The Financial Supervisory Commission (FSC) has proposed to prepare for an enhanced solvency regime for insurers in three phases over the next five years.
The move to adopt the new Insurance Capital Standard (ICS 2.0), to be implemented in 2026, is credit positive for Taiwanese insurers as it would encourage insurers to raise capital or reduce dividends given higher capital requirements expected upon implementation, says Moody’s Investors Service.

Mr Kelvin Kwok, analyst, Financial Institutions Group, Moody’s Investors Service, said, “Required capital on life insurance business is likely to greatly increase, because insurers will have to calculate insurance reserves using market interest rates as discount rates instead of the high historical lock-in rates under current practice. In response, we expect insurers to continue to sell products with lower guarantee rates to mitigate additional capital requirements.”


According to the proposed timetable, 2020-2021 is the first phase involving “on-site trial calculations” of solvency. The period from 2022 to 2024 is the second phase which is the parallel testing period. 2025 is the third phase when insurers prepare for integration of the new system and allows them to carry out inspection of all relevant operations. The implementation of ICS 2.0 is in line with the implementation schedule of IFRS 17.

The FSC proposed that life insurance companies adjust their insurance policies and investment strategy to comply with new international standards on insurers’ solvency.

Stricter requirement

The regulator said that ICS 2.0 would be stricter than the current risk-based capital (RBC) calculation, as under the new rules insurers would need to evaluate their assets and liabilities at fair value every six months, while the RBC calculation allows insurers to adopt a mixed approach, according to a report in The Taipei Times.

Local insurers, which provide long-term insurance products, such as 30-year policies or wholelife insurance, might have difficulty calculating their liabilities on a fair-value basis, as it could be challenging to select the discount rate for their future payment of pension benefits, Insurance Bureau Director-General Ms Shih Chiung-hwa said at a news conference.

Insurance companies are expected to refrain from selling 30-year or whole life insurance products after ICS takes effect, which would be a major change for the local industry, the FSC said.

“As insurers would want to prevent volatility in the valuation of their assets to meet ICS standards, we expect them to prefer investing in fixed-income products rather than equities,” a commission official said.

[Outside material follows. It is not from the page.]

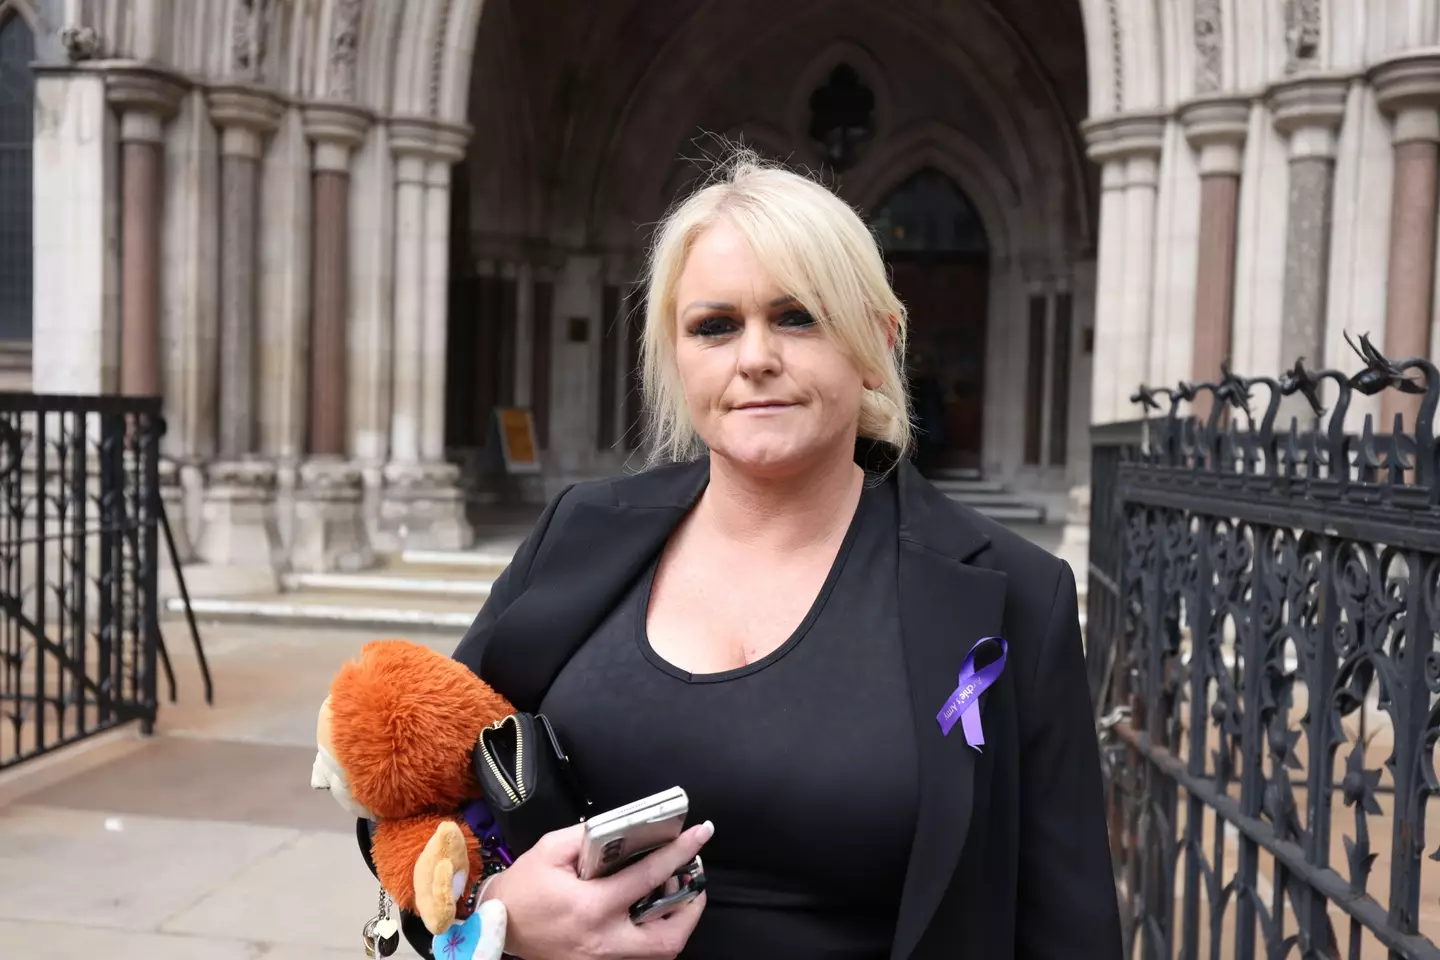 Hollie Dance has fought for her son's life in court.

If an insurer’s ICS ratio does not meet the standard of 100%, it would be considered to have inadequate capital and required to inject new funds, a move similar to the requirement for insurers whose RBC ratio is lower than 200%, Ms Shih said.

The commission would ask all insurers to re-evaluate their assets and liabilities based on ICS this year and next year, after which it would determine whether to implement the global standards with moderate modifications, she said.